Subito dopo, fece girare la lavagna sull’asse per mostrarne il retro. Un secondo prima che questo si palesasse ai miei occhi, seppi – come raggiunto da una premonizione – cos’era quello che avrei visto.
E = ac2
Anche se la calligrafia era uguale a quella della formula proiettata da Jensen, cosa che dava credibilità alla sua ipotesi, mi assalì la delusione di aver viaggiato fin lì per vedere qualcosa che conoscevo già. Quella formula mi perseguitava da quando tutto aveva avuto inizio.
«Sa cosa significa quella “a”?», domandai.
«Nessuno lo sa», rispose la donna incrociando le braccia. «E io ancora meno. Lavoro nell’amministrazione del centro. Non sono una scienziata».
Per non fare un torto alla funzionaria, appuntai nuovamente la formula sul mio taccuino fingendo un grande interesse.
«Ora me ne devo andare», annunciai. «Credo che ci sia un treno...».
«Pensavo volesse vedere quello che è stato trovato qui».
«Non è la formula?».
Meret scoppiò in una breve e secca risata e poi aggiunse:
«Quello sta lì dalla morte di Einstein. Mi riferivo al quadro. Guardi bene, non vede nulla di strano?».
Mi indicò un piccolo dipinto appeso tra due librerie. Mostrava un vecchio transatlantico – forse lo stesso in cui il fisico aveva viaggiato fin lì – che solcava un mare infuriato. Cercai nella parte in basso a destra la firma dell’artista, nel caso fosse quella di Einstein, ma non trovai nulla.
Lo feci notare a Meret, che rispose:
«Ci sono molti quadri senza firma, soprattutto quando la loro funzione è puramente decorativa. Ma questo ha qualcosa di particolare. Lo guardi bene...».
Intrigato, mi avvicinai al dipinto. Non c’era niente di strano sulla nave, né in mare né in cielo. Nell’indietreggiare di qualche passo per vederlo nell’insieme, notai una leggera inclinazione verso destra della linea dell’acqua, come se l’artista avesse piegato leggermente la testa mentre dipingeva l’imbarcazione.
Senza chiedere il permesso alla funzionaria, alzai la parte sinistra del quadro di qualche millimetro fino a che la linea del mare non si trovò in orizzontale con il mio sguardo. Proprio allora, dal retro, cadde qualcosa.
«Fu così che lo scoprimmo», disse orgogliosa, mentre si chinava a raccogliere una busta dal formato insolitamente piccolo. «Il signor Albert ideò un’intercapedine dietro la cornice che fa cadere il suo contenuto solamente quando lo si inclina così come ha fatto lei ora. Ingegnoso, non le sembra?».
La donna mi porse delicatamente la bustina, che mi ricordò quelle che si utilizzavano, anni addietro, per i santini della prima comunione.
«Solamente io e il direttore del centro siamo a conoscenza di questo piccolo segreto. Lei sarà la terza persona. Se l’è guadagnato per il fatto di essere venuto da tanto lontano».
Aprii con cautela la busta, che aveva il francobollo timbrato, anche se non riuscii a decifrarne la provenienza. Ne estrassi un foglio di carta velina piegato più volte.

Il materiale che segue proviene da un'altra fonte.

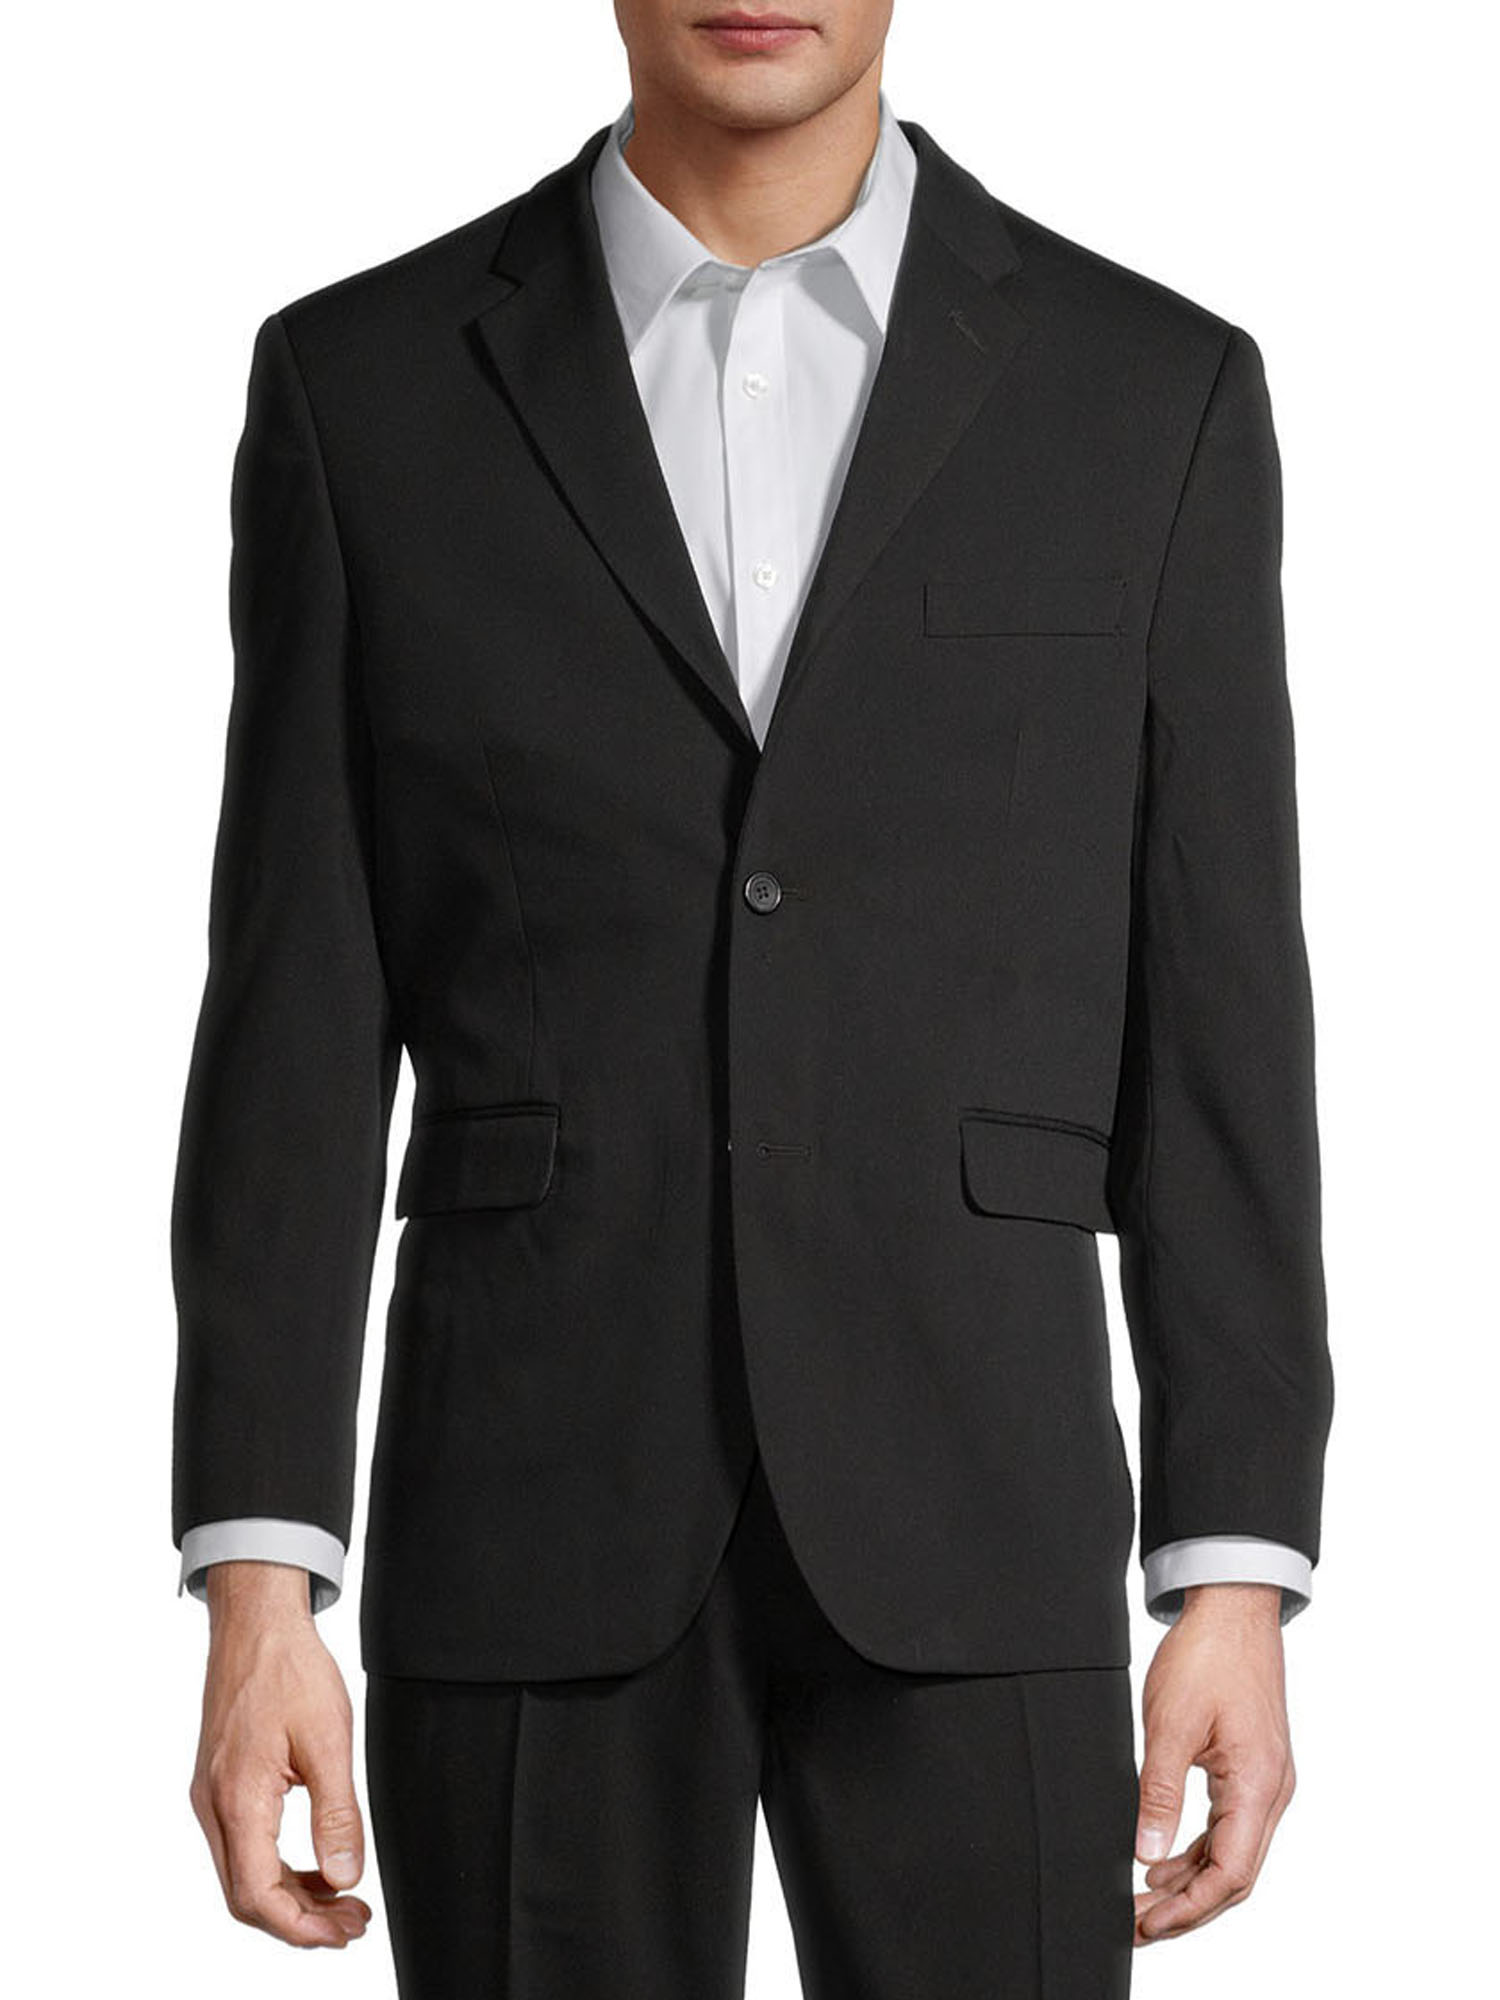 George Men's Performance Comfort Flex Suit Jacket - image 1 of 6

Nell’aprirlo, riconobbi la stessa grafia della cartolina di Cadaqués, anche se con un tratto più insicuro e infantile.
Un brivido mi corse lungo la schiena, e le mie mani cominciarono a tremare leggermente mentre leggevo la lettera:
Trinity, 3 gennaio 1955
Caro nonno,
è così grande il deserto e così piccola la mia speranza di rivederti!

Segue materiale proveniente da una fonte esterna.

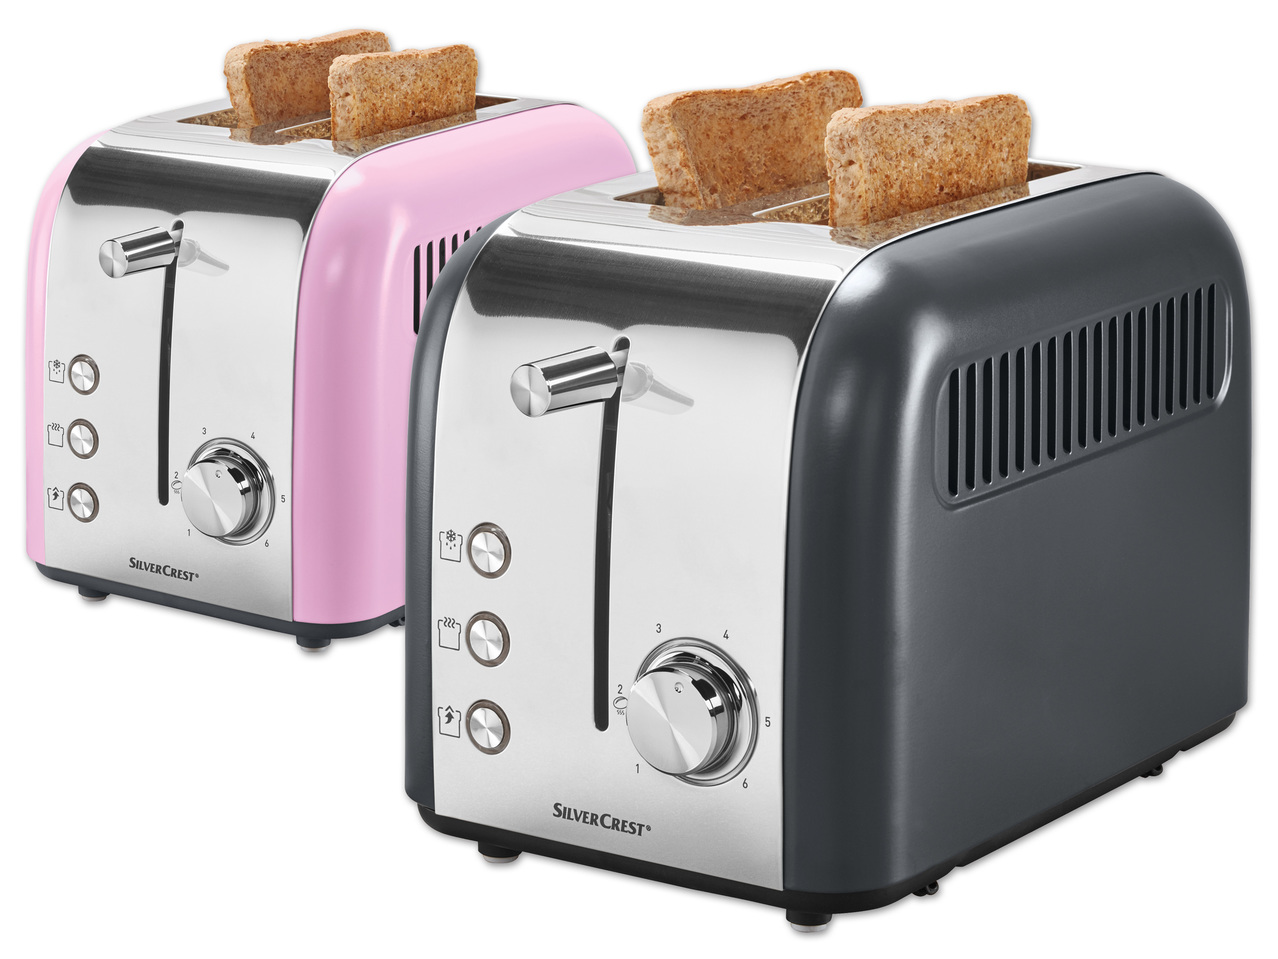 SILVERCREST(R) Toaster

Penso molte volte a quello che mi dicesti: c’è una forza più potente della gravità, del magnetismo e della fissione nucleare. La nostra missione come esseri umani è scoprirla e domarla per illuminare il mondo intero.
Se questa forza esiste, dobbiamo liberarla proprio qui, nel luogo più triste della Terra. Per questo resteremo.